Avocados (1 Avocado, Ns As To Florida Or California) and Egg (Whole) (1 Large)
Breakfast
110 mg/dL
avg. peak value
Usually has a stable response
Avg. Food Score on Ultrahuman App
Ultrahuman Users got a STABLE response
How to consume Avocados, Egg (Whole) without glucose spikes
Pair with High-Fiber Vegetables
Add leafy greens like spinach or kale to your meal. These vegetables can help regulate blood sugar levels.
Incorporate Healthy Fats
Include nuts such as almonds or walnuts, which can slow down the absorption of carbohydrates and stabilize blood sugar.

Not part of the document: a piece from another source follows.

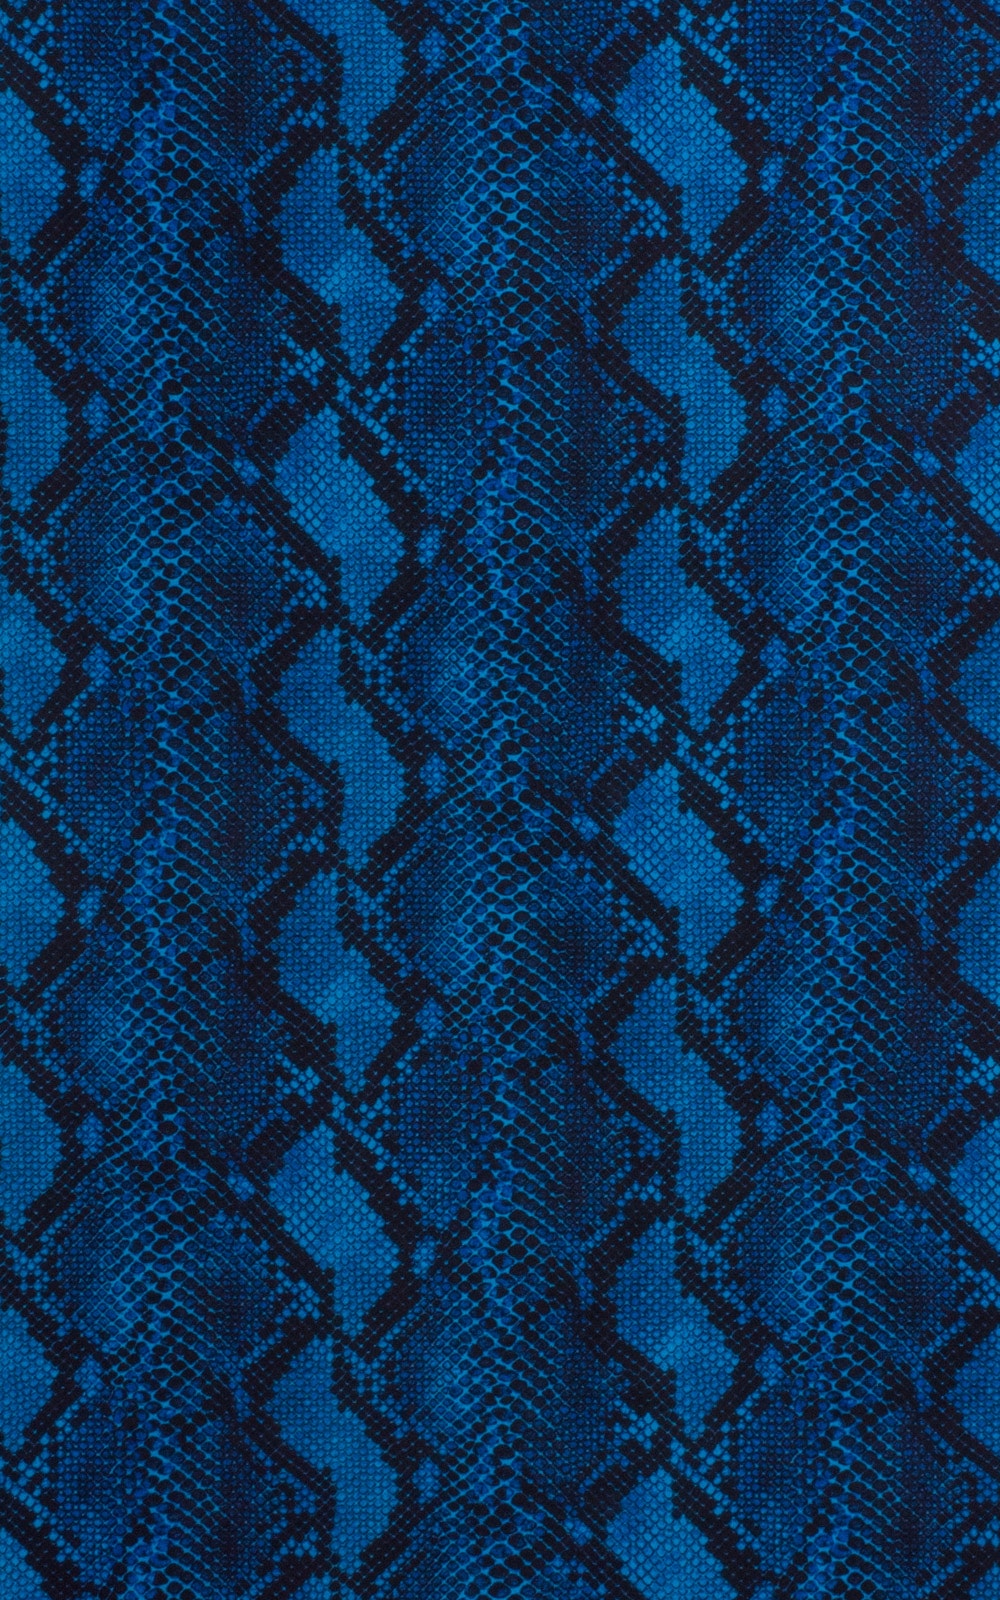 4-Way Adjustable Bikini-Tanga-Micro in Super ThinSKINZ Blue Serpent Fabric

Add a Source of Lean Protein
Consider grilled chicken or fish, which can help balance your meal and prevent spikes.
Choose Whole Grains
If you are including carbohydrates, opt for quinoa or barley, which are slower digesting options.
Include Berries
Small amounts of blueberries or strawberries can provide antioxidants without causing a significant spike in blood sugar.
Practice Portion Control
Ensure that your portion sizes of avocados and eggs are moderate to avoid excessive intake of fats and proteins at once.
Stay Hydrated
Drink water before your meal to potentially aid in digestion and regulate your blood sugar response.
Opt for Low-Carb Additions
Enhance your meal with low-carb options like mushrooms or bell peppers to keep your overall carbohydrate intake low.
Eat Slowly and Mindfully
Take time to chew your food well, which can aid in digestion and help manage blood sugar levels more effectively.
Monitor Meal Timing
Avoid eating avocados and eggs in large quantities late in the evening, as this can affect your overnight blood sugar levels.